• [Exercise goal]: Set the listing down unchanged, minus every embedded image.

• [Exercise data]:
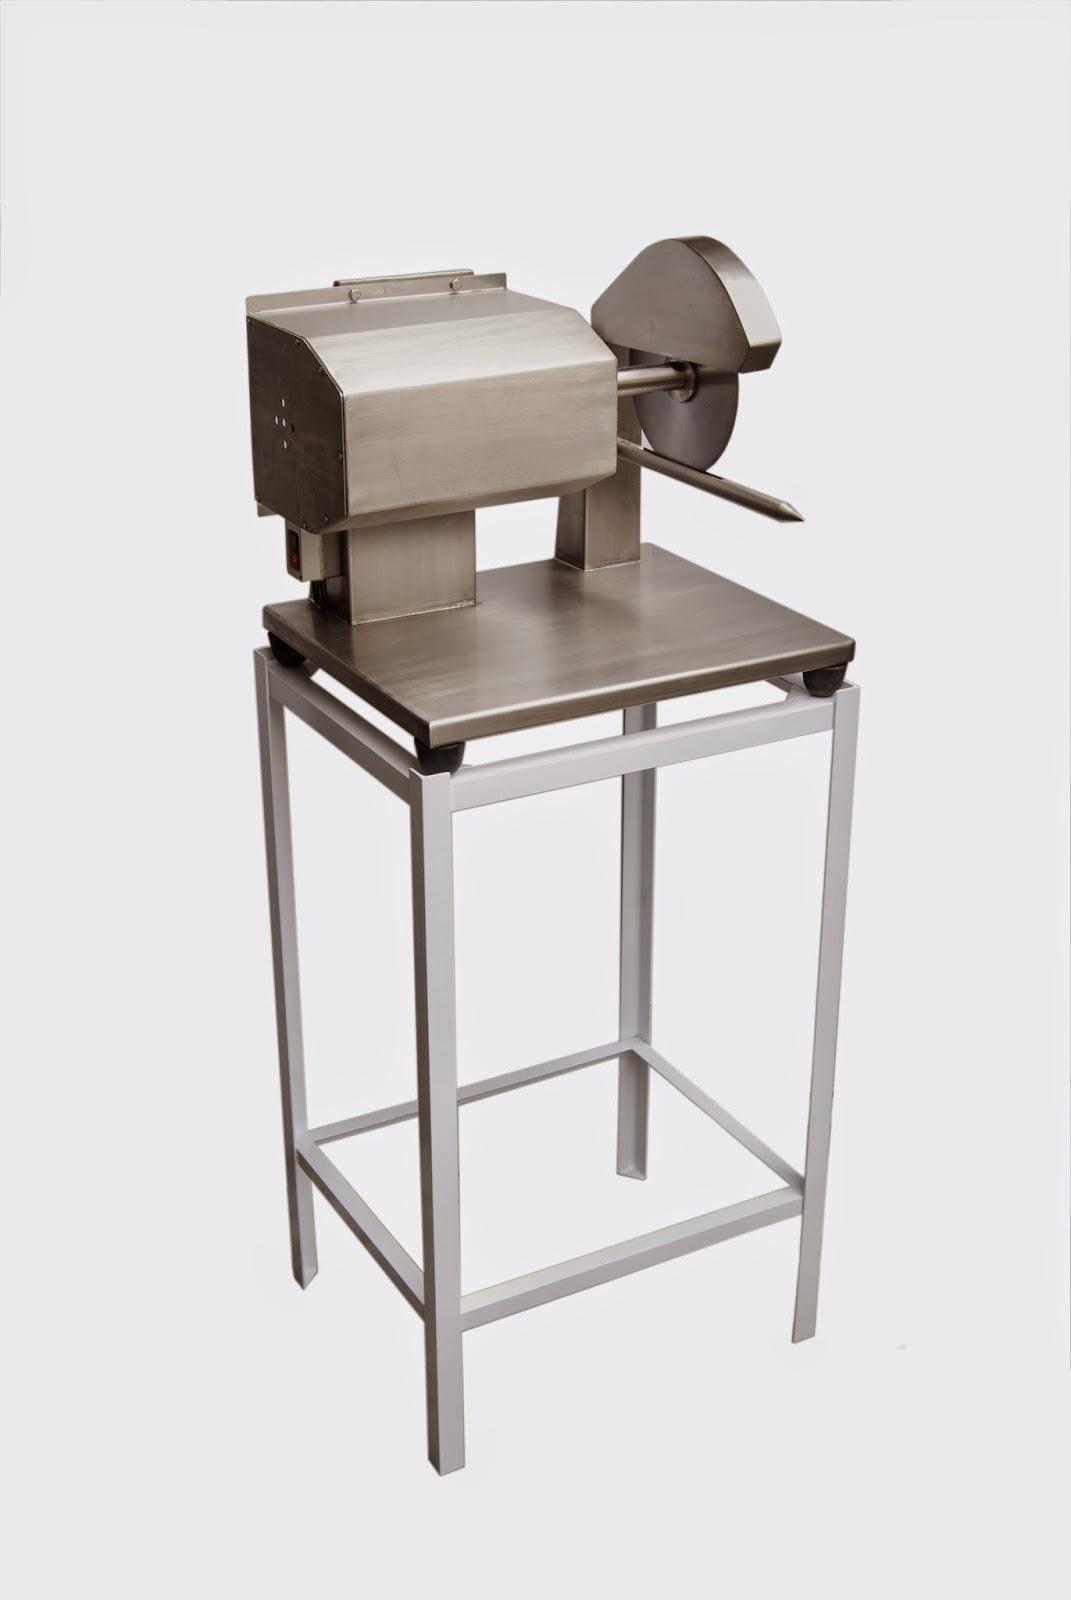 Industrias arizalba maquina despresadora de pollo for Despresadora de pollo
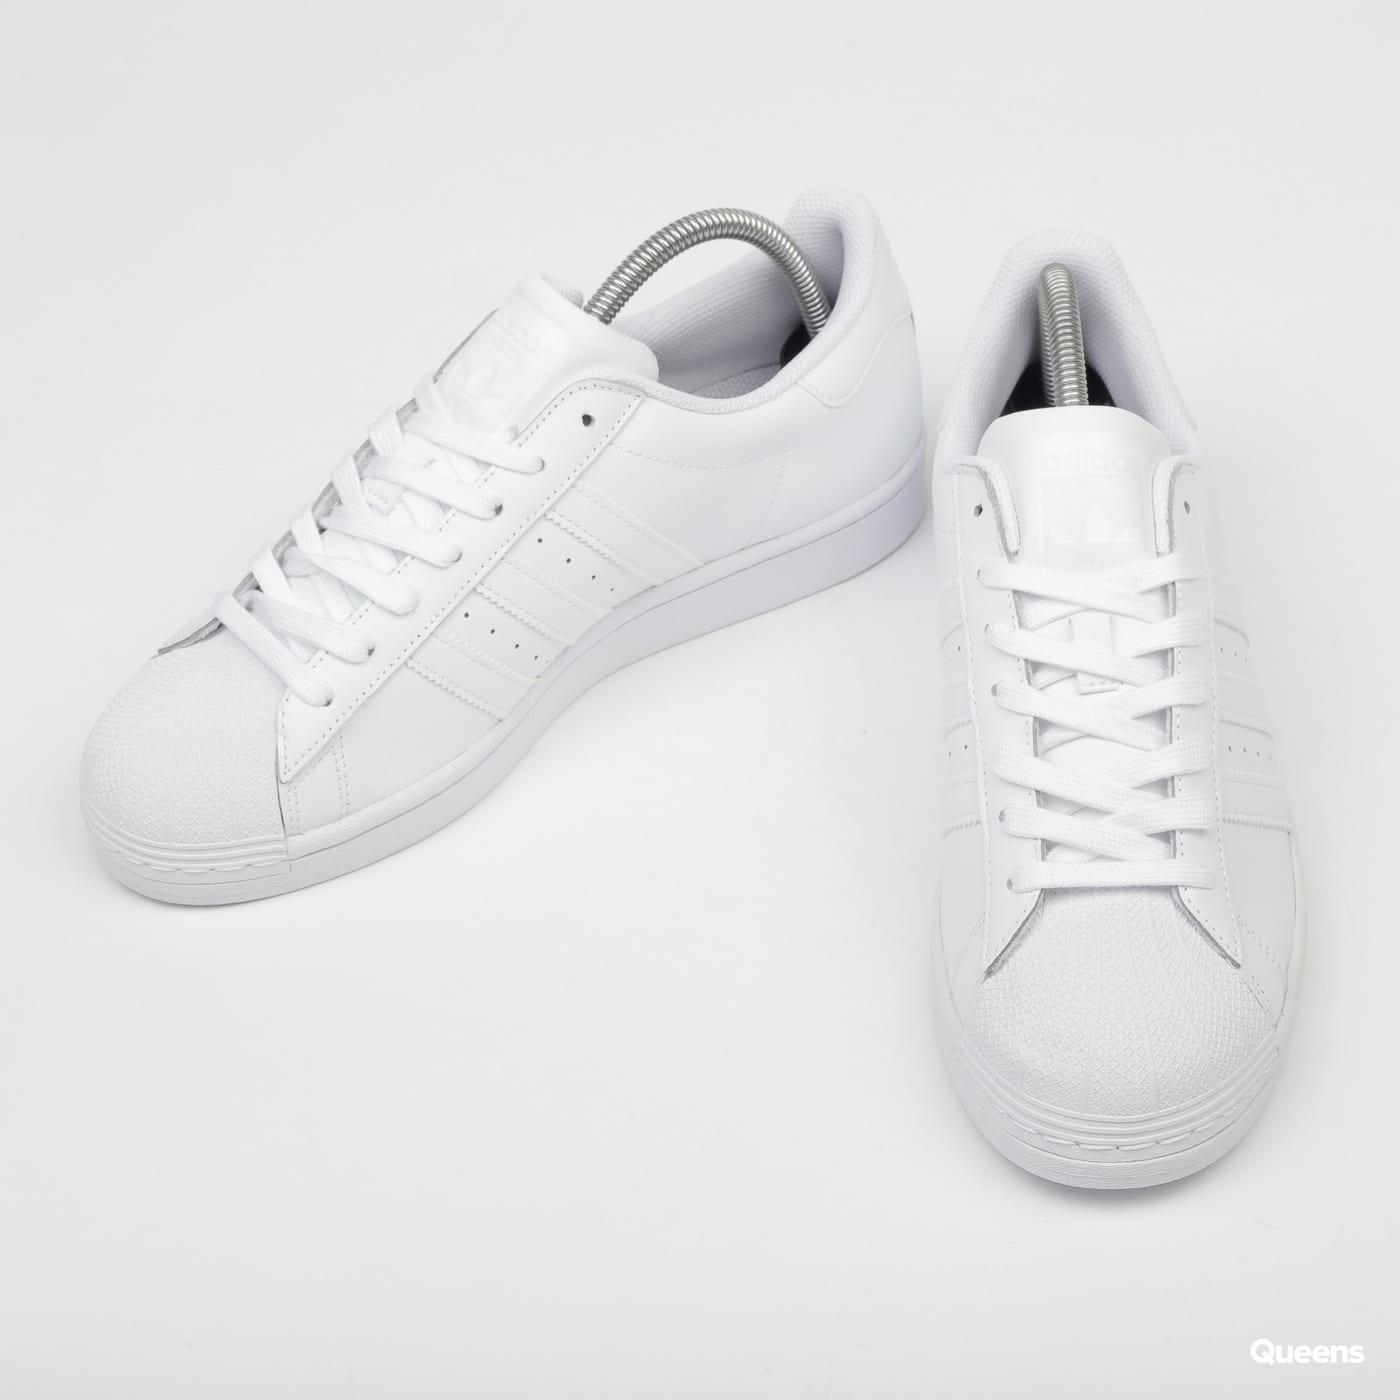 adidas Originals Superstar ftwwht / ftwwht / ftwwht
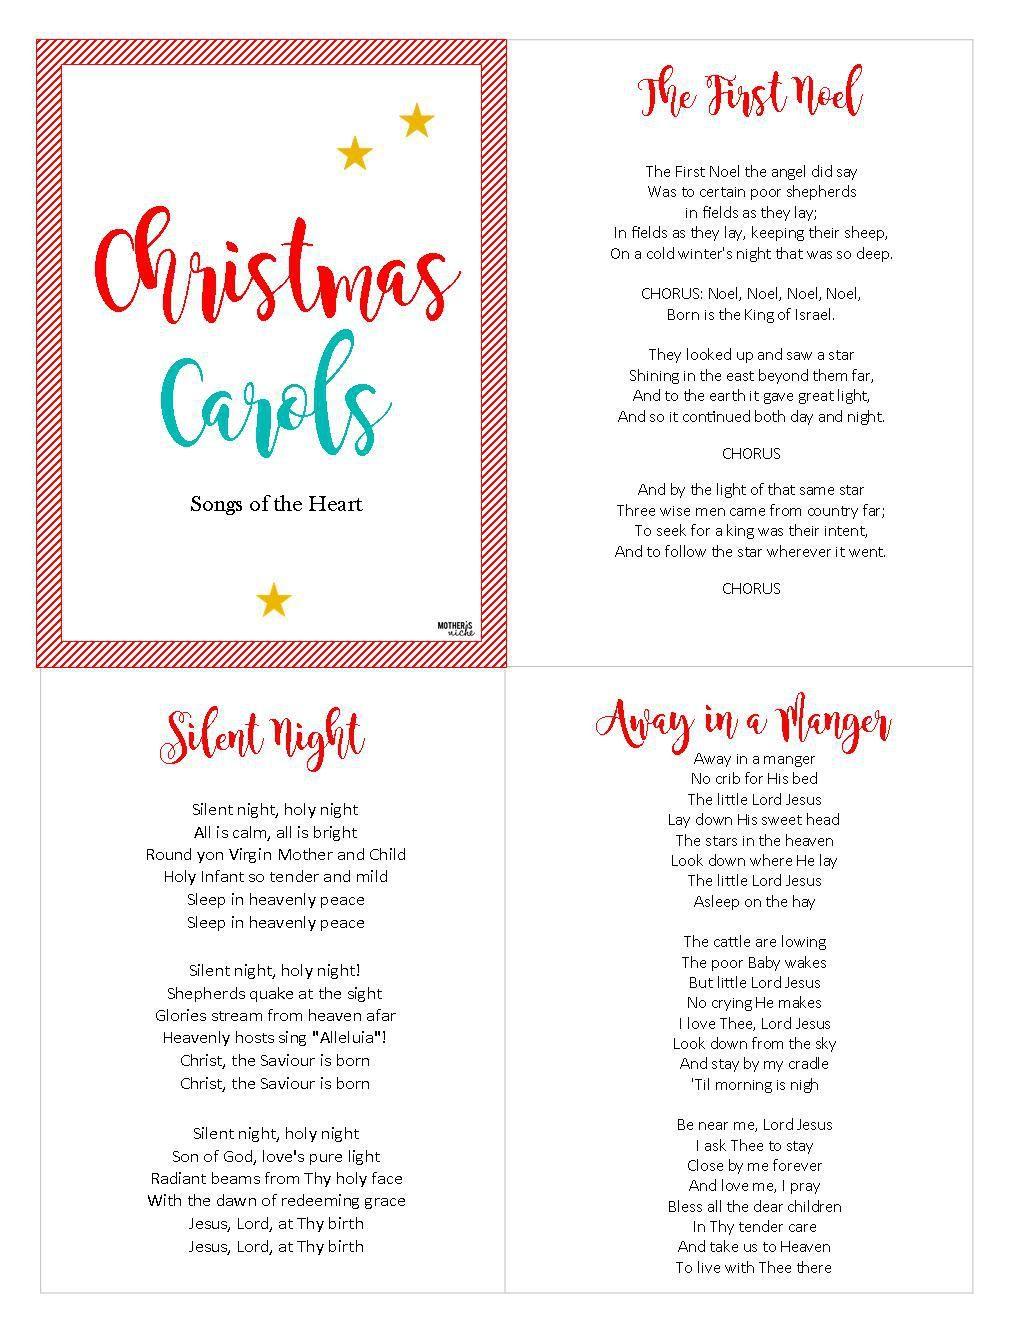 image relating to Printable Christmas Carols Booklet named CHRIST-Based Xmas CAROLS: Cost-free PRINTABLE Xmas

• [Task response]:
 Industrias arizalba maquina despresadora de pollo for Despresadora de pollo
 adidas Originals Superstar ftwwht / ftwwht / ftwwht
 image relating to Printable Christmas Carols Booklet named CHRIST-Based Xmas CAROLS: Cost-free PRINTABLE Xmas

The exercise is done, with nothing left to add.